My First (AI) Implementation Plan
Again, SpecKit makes things easy, two potential hand-offs are provided:
/speckit.clarify- which identifies underspecified areas in the current feature spec by asking up to 5 highly targeted clarification questions and encoding answers back into the spec./speckit.plan- which executes the implementation planning workflow using the plan template to generate design artifacts.
In this instance I was interested in planning out the implementation, and what a plan! I’ve had some previous experience with using AI to plan work. Asking the AI to analyse a spec and then plan out the implementation tickets, with a prompt similar to the following:
Analyse the attached spec, and other attached context, and determine how best to implement the spec. Each step on the process should be small, with a maximum of 15 files modified. After each step leave the code in a buildable and deployable state.
Except… This never really worked, and needed to be iterated on multiple times. This time though the plan is comprehensive and well thought through, cross referencing the project constitution, describing the strucutre and code that will be created, implementation phases and testing strategies. But at the same time lots of other information was created:
- A document detailing the CLI contract
- A document detailing the project data model
- A research document
- and lastly a quickstart guide
But what’s next?
And this is where things got slightly stuck for me. The two options that SpecKit were not expected:
/speckit.tasks- which generates an actionable, dependency-ordered tasks.md for the feature based on available design artifacts./speckit.checklist- which generates a custom checklist for the current feature based on user requirements.

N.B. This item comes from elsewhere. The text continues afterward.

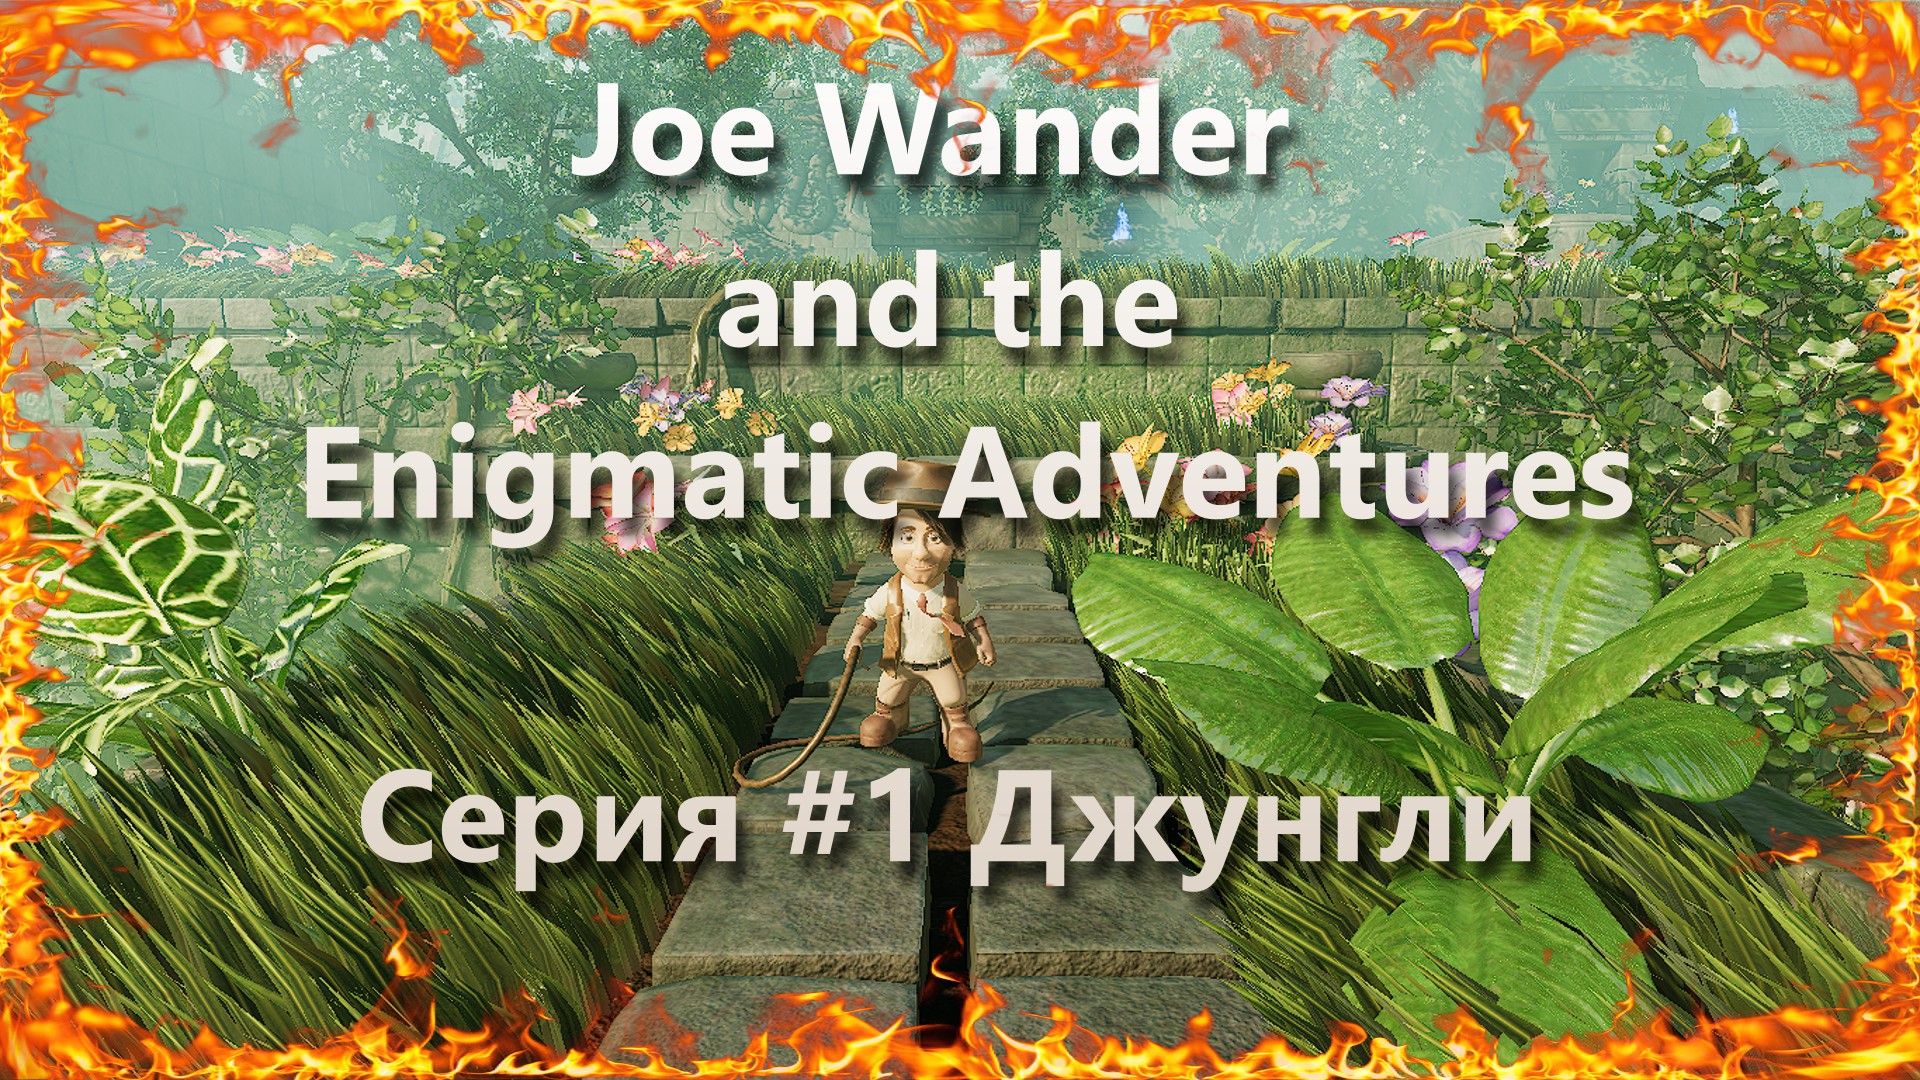 Joe Wander and the Enigmatic Adventures Серия #1 Джунгли

A minute or two reading the agent definitions showed that I wanted to run /speckit.tasks which created a very detailed, granular implementation plan. And from there /speckit.implement was the obvious choice.
Was it worth it?
For around an hours invested time this was absolutely a worthwhile endeavour.

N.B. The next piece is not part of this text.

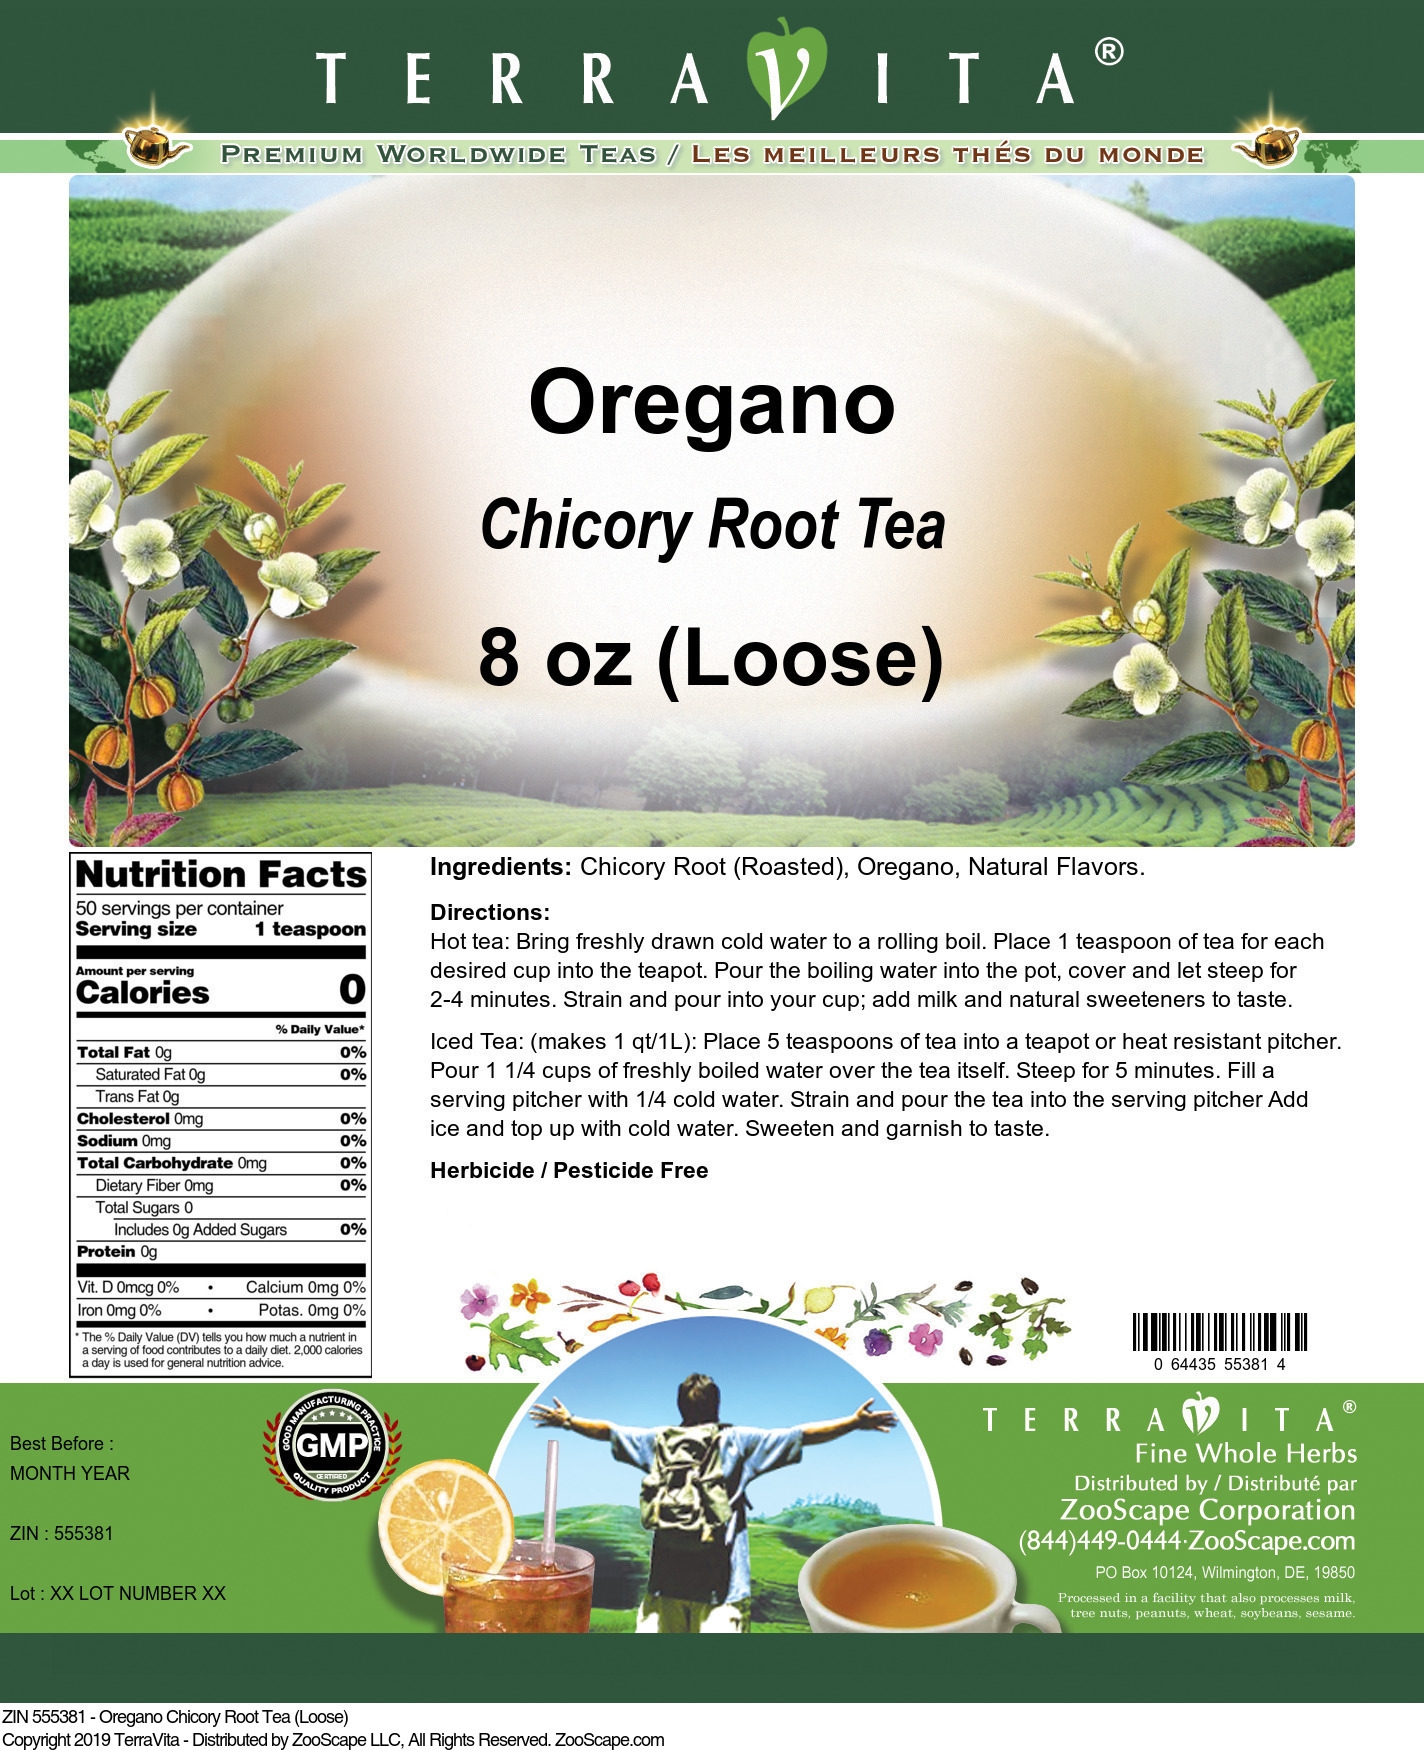 Oregano Chicory Root Tea (Loose) - Label

The agents themselves take you through the lifecycle of a feature, or project, in a structured way. Beyond finding the specify init . command in the SpecKit Readme everything else I worked out simply by looking in the agent files.

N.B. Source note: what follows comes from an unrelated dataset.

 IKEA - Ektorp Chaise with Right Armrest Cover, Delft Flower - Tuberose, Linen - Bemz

I have a tendency to create many commits as I work, and whether using Spec Kit, or another framework have found this to be incredibly useful. It has allowed me to understand what and how the AI is doing, but it also makes it simple to reverse out changes that are wrong.
If you have knowledge and/or experience of AI and want to go down the Spec Driven Development route, but haven’t invested in setting up agents then Github SpecKit is absolutely worthwhile investigating. As with many things from Microsoft it is thorough. And in the world of AI thorough (in my experience) is better than brief.
Analysing the supplied agents and other tools and documents with copilot reveals that SpecKit provides a coherent, highly opinionated SDLC pipeline that is easy to implement. Ask the right questions and AI will make multiple recommendations on how the kit can be improved. The constitution.md is picked out as a particularly strong document.
And to be honest right now, for me, this is the point. SpecKit provides a starting point. It’s all text that is easily read and understood. And when you do that you can work out what you don’t like and begin to change it. Of course how you might re-use those modifications is a different story.